- [Work required]: Every line from the first in the listing below to the line containing "Sunglasses Polo ralph" is to be repeated exactly, and no line past it.

★ ★ ★ ★

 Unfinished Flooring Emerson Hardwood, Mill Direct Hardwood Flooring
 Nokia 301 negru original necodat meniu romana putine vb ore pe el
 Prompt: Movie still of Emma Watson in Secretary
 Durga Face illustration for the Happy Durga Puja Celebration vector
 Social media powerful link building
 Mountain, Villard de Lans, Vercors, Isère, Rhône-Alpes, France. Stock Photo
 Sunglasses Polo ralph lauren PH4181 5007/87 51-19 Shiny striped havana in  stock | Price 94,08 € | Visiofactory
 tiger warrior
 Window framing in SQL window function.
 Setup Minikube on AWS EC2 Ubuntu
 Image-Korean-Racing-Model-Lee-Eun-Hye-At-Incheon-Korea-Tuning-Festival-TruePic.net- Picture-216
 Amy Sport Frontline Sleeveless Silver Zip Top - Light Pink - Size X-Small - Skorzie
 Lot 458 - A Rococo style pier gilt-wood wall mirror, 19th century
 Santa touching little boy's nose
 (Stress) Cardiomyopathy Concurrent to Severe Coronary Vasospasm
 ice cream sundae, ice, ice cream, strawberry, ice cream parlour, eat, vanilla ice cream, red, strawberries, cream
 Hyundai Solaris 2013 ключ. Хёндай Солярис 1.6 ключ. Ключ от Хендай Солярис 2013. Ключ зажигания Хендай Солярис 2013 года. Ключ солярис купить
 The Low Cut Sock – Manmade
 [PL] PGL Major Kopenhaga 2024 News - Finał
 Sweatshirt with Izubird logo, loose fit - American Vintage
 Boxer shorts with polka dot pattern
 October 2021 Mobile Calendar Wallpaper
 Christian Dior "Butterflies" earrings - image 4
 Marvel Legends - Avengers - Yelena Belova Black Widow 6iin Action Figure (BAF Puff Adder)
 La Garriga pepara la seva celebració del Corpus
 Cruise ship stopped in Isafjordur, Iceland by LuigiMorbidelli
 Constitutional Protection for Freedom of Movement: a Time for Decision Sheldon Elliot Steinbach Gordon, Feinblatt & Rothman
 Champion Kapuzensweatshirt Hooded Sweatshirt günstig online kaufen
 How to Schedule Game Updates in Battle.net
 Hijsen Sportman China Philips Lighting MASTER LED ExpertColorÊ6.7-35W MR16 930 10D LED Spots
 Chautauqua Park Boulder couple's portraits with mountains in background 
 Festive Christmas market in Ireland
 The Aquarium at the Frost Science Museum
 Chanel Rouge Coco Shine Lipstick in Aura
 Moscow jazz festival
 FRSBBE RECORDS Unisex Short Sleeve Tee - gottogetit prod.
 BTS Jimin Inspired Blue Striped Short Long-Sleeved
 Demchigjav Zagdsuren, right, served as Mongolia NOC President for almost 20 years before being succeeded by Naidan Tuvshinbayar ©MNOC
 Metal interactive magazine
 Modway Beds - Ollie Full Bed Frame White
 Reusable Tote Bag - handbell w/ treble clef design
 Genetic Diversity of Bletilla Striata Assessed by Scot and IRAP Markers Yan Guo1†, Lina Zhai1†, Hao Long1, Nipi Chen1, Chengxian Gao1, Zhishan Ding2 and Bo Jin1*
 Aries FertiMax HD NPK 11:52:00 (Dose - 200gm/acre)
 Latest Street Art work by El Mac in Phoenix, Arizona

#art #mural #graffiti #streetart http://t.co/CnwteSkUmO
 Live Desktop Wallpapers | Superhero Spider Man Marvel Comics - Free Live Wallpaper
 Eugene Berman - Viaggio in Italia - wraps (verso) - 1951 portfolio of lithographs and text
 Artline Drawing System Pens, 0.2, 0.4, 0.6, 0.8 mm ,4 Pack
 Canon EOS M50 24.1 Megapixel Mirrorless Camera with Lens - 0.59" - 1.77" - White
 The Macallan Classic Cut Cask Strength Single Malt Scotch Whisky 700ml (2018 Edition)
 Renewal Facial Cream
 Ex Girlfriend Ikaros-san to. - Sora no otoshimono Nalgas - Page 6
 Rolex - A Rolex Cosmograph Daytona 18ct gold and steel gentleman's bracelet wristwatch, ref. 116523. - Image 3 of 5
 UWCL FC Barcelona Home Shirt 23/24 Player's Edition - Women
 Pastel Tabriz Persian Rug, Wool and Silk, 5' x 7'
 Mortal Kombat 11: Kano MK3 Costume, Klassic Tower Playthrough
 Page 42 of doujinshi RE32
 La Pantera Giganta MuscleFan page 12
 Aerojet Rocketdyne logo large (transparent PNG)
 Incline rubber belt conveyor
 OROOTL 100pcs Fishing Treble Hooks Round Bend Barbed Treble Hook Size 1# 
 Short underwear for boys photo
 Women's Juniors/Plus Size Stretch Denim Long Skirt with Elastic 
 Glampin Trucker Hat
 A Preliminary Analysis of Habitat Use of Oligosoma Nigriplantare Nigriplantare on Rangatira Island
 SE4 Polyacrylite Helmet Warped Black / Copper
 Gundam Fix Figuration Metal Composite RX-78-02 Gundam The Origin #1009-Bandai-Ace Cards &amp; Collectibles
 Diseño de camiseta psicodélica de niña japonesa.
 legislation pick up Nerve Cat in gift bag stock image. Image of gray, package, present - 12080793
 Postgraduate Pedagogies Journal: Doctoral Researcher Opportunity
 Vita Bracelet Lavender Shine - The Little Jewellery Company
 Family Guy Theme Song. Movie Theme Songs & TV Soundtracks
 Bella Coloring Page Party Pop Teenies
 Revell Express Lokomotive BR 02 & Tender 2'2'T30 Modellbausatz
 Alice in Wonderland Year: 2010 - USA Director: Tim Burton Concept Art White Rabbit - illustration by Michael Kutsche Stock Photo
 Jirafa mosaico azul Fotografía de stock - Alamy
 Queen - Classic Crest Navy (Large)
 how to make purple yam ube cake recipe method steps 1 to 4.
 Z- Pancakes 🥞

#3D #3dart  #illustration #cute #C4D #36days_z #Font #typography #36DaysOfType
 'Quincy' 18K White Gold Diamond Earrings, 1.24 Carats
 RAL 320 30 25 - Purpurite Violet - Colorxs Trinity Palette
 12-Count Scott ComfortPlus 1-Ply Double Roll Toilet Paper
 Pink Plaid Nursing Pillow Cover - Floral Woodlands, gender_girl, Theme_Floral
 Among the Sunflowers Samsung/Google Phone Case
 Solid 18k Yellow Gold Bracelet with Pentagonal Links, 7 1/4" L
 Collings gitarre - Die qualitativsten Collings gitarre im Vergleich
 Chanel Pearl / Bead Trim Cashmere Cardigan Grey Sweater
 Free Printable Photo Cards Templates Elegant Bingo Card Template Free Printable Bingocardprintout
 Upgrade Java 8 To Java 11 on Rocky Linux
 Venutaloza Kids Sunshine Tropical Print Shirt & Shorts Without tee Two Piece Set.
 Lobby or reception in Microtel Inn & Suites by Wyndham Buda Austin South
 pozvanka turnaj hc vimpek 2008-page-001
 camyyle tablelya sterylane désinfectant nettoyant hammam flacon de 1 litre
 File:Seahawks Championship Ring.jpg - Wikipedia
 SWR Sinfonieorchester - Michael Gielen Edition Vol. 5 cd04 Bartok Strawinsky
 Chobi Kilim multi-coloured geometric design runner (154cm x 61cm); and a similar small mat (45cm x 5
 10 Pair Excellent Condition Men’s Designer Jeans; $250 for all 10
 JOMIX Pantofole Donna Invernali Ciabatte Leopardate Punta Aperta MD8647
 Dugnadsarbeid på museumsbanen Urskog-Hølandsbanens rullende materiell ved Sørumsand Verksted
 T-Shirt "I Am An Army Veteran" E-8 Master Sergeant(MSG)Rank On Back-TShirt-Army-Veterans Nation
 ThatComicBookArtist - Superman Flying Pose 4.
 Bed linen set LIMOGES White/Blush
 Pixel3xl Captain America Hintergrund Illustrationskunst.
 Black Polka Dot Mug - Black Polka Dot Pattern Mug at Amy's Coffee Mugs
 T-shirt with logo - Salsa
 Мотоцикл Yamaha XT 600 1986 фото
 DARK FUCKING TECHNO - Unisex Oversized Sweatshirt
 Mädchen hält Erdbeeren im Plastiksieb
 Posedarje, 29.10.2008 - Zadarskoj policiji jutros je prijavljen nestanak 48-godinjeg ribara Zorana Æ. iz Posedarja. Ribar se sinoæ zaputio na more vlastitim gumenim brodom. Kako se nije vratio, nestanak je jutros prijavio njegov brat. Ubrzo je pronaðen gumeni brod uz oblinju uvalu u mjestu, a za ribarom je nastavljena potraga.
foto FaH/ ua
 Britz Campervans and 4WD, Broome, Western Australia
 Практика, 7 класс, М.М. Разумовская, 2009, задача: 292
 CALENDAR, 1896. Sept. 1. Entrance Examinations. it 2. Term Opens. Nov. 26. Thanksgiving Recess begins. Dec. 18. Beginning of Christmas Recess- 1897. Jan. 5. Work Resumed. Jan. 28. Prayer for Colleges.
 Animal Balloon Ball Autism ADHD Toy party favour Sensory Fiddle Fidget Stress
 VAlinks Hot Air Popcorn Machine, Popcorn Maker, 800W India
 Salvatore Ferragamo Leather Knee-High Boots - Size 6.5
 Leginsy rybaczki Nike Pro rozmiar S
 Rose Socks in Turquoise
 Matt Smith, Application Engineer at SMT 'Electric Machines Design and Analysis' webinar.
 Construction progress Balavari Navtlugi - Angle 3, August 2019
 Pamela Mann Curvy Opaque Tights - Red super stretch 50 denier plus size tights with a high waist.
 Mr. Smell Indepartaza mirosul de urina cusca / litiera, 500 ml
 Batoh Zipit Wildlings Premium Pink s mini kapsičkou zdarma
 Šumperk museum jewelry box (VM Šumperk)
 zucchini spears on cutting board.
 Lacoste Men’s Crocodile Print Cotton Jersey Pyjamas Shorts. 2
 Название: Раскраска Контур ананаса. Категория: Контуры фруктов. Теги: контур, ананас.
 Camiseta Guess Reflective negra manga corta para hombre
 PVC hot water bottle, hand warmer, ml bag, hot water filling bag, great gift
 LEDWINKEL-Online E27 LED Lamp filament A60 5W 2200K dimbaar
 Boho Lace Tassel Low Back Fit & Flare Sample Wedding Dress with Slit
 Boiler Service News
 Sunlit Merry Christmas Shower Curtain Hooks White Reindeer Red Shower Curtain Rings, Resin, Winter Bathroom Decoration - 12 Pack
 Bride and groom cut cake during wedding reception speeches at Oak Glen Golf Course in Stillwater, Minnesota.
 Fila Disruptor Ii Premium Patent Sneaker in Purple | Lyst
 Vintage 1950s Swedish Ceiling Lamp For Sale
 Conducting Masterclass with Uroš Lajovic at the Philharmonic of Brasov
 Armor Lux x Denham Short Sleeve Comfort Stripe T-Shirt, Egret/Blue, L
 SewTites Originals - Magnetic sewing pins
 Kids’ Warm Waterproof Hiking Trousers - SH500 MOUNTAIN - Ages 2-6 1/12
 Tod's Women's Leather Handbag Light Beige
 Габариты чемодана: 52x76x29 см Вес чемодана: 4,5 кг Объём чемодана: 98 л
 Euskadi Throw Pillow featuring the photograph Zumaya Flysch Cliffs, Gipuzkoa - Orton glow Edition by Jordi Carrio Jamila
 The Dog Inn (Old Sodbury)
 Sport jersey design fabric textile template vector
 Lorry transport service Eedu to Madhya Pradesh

★ ★ ★ ★

- [Written solution]:
 Unfinished Flooring Emerson Hardwood, Mill Direct Hardwood Flooring
 Nokia 301 negru original necodat meniu romana putine vb ore pe el
 Prompt: Movie still of Emma Watson in Secretary
 Durga Face illustration for the Happy Durga Puja Celebration vector
 Social media powerful link building
 Mountain, Villard de Lans, Vercors, Isère, Rhône-Alpes, France. Stock Photo
 Sunglasses Polo ralph lauren PH4181 5007/87 51-19 Shiny striped havana in  stock | Price 94,08 € | Visiofactory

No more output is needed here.